WHAT IS EXPECTED ▸ An exact copy of the data is needed, but without any of its images.

GIVEN MATERIAL ▸
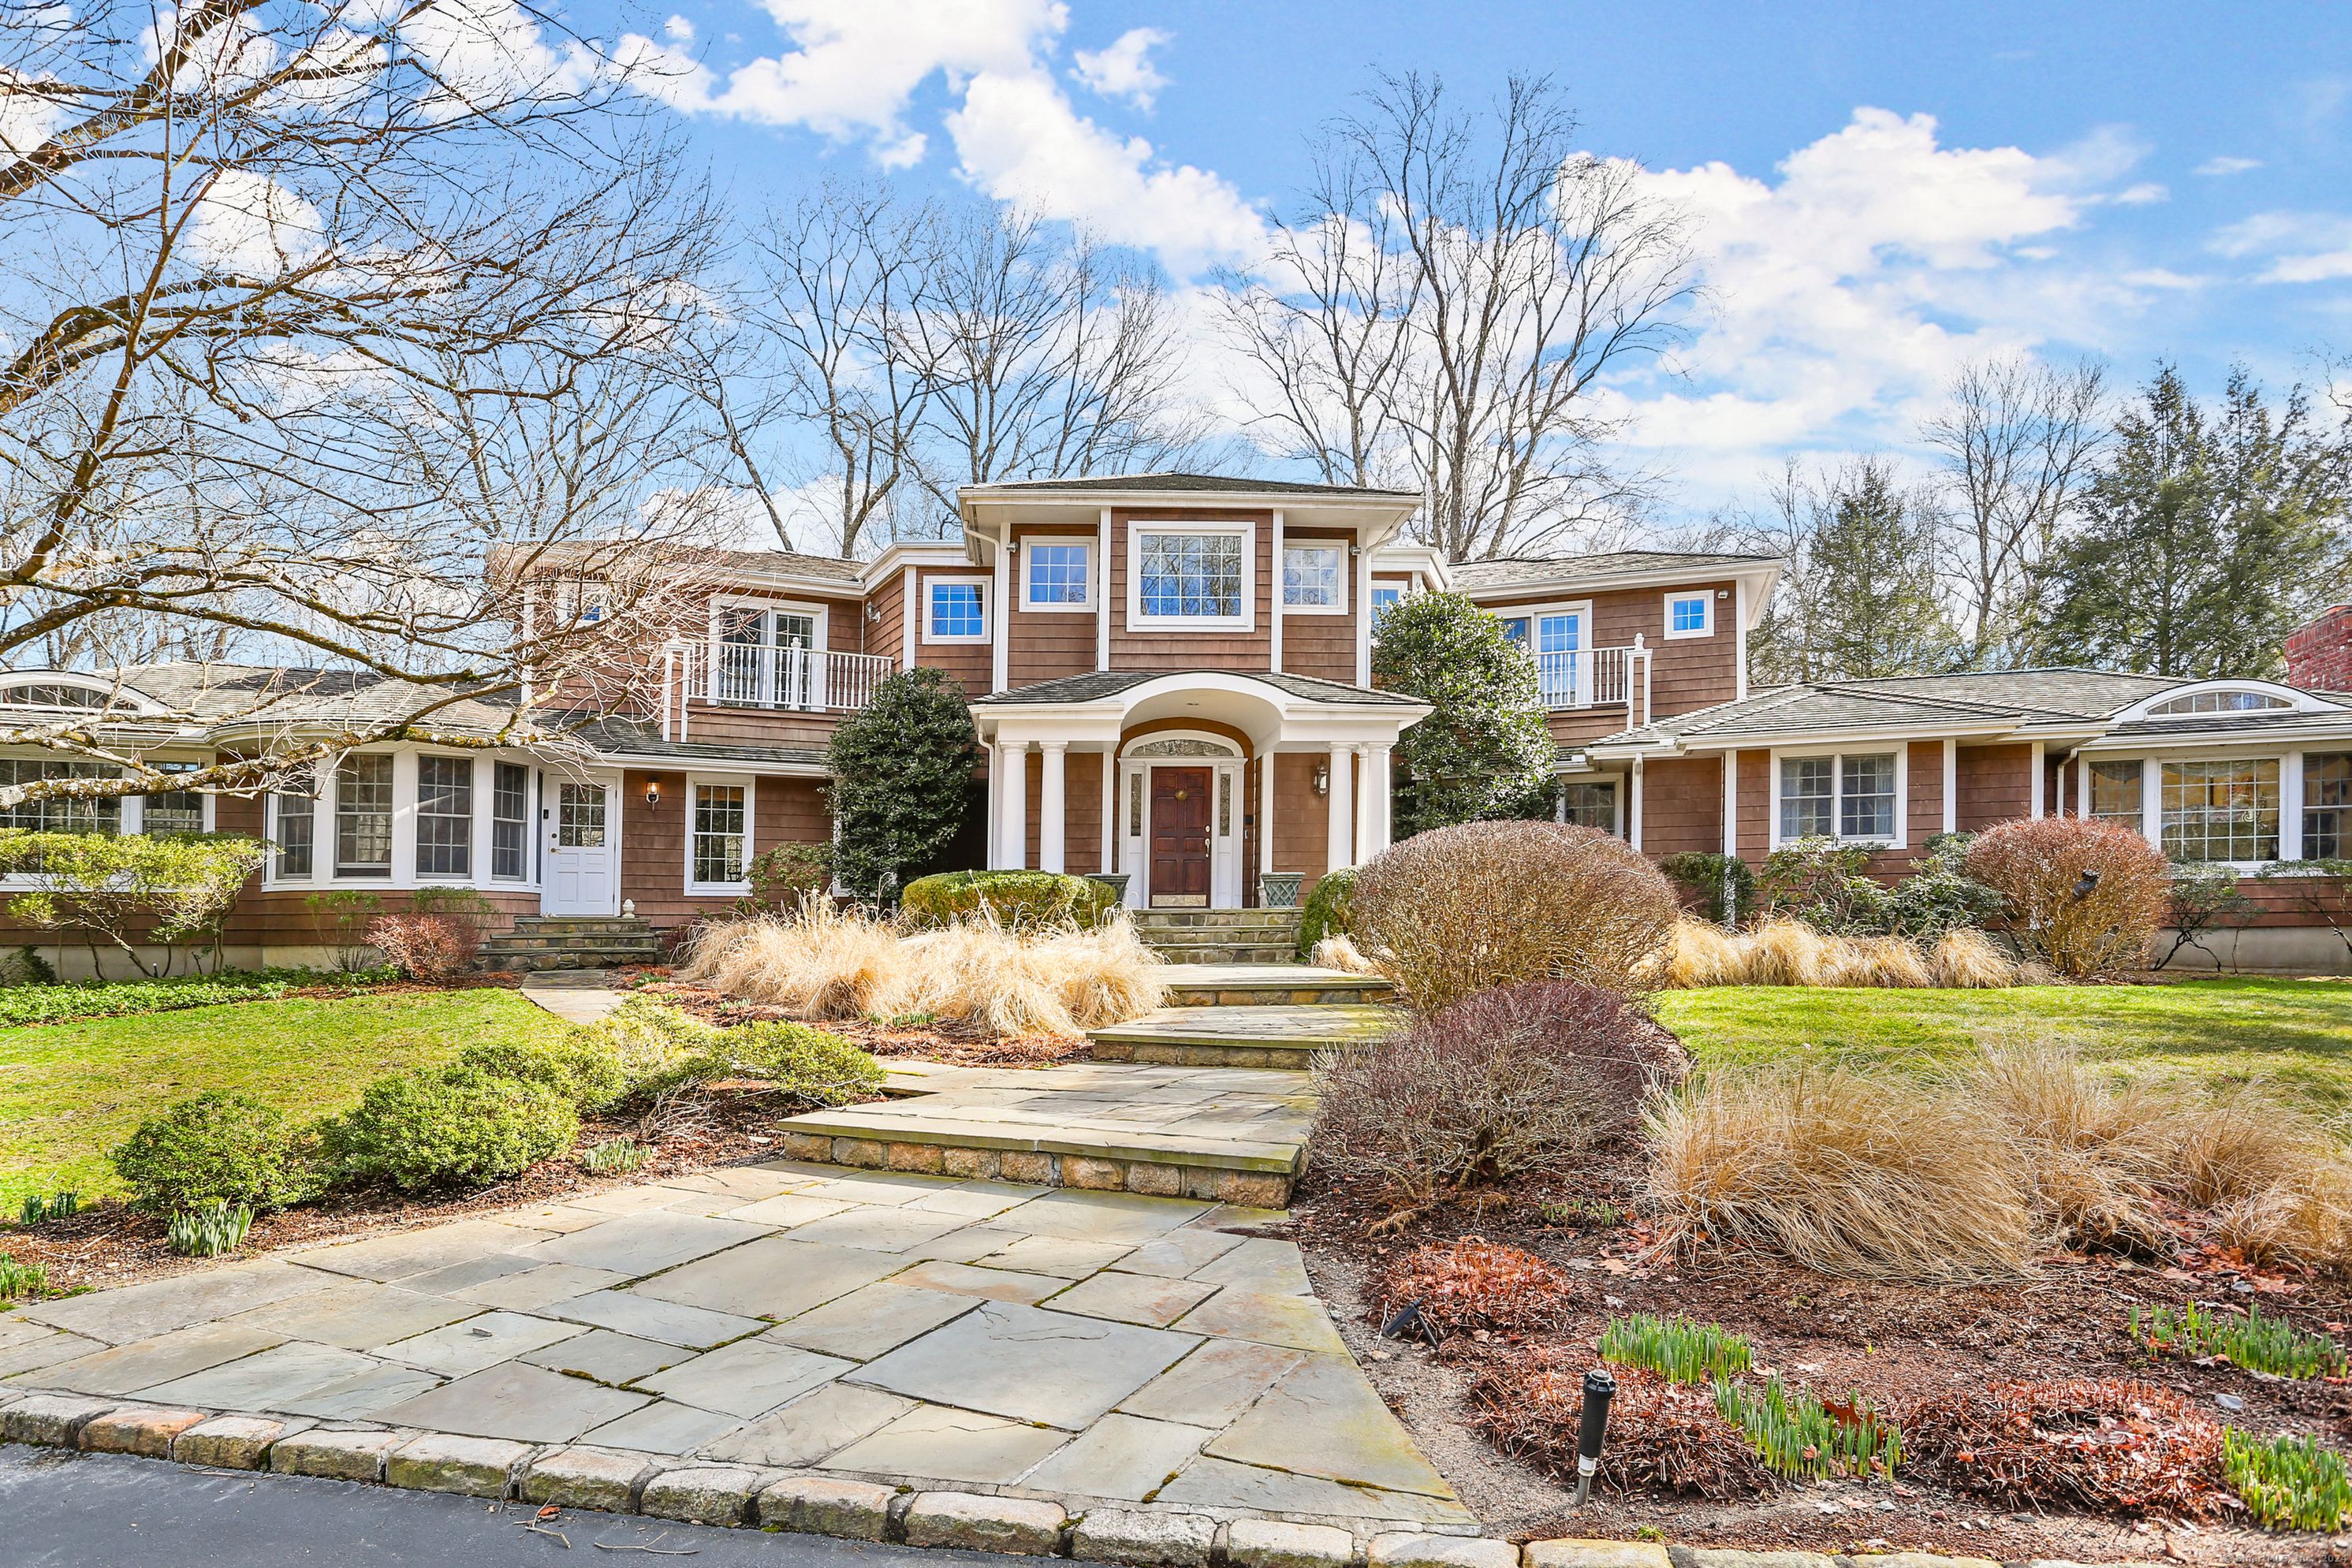 41 Lake Wind Road, New Canaan, Connecticut - 5 Bedrooms  
6 Bathrooms  
11 Rooms -

SOLVED PROBLEM ▸
 41 Lake Wind Road, New Canaan, Connecticut - 5 Bedrooms  
6 Bathrooms  
11 Rooms -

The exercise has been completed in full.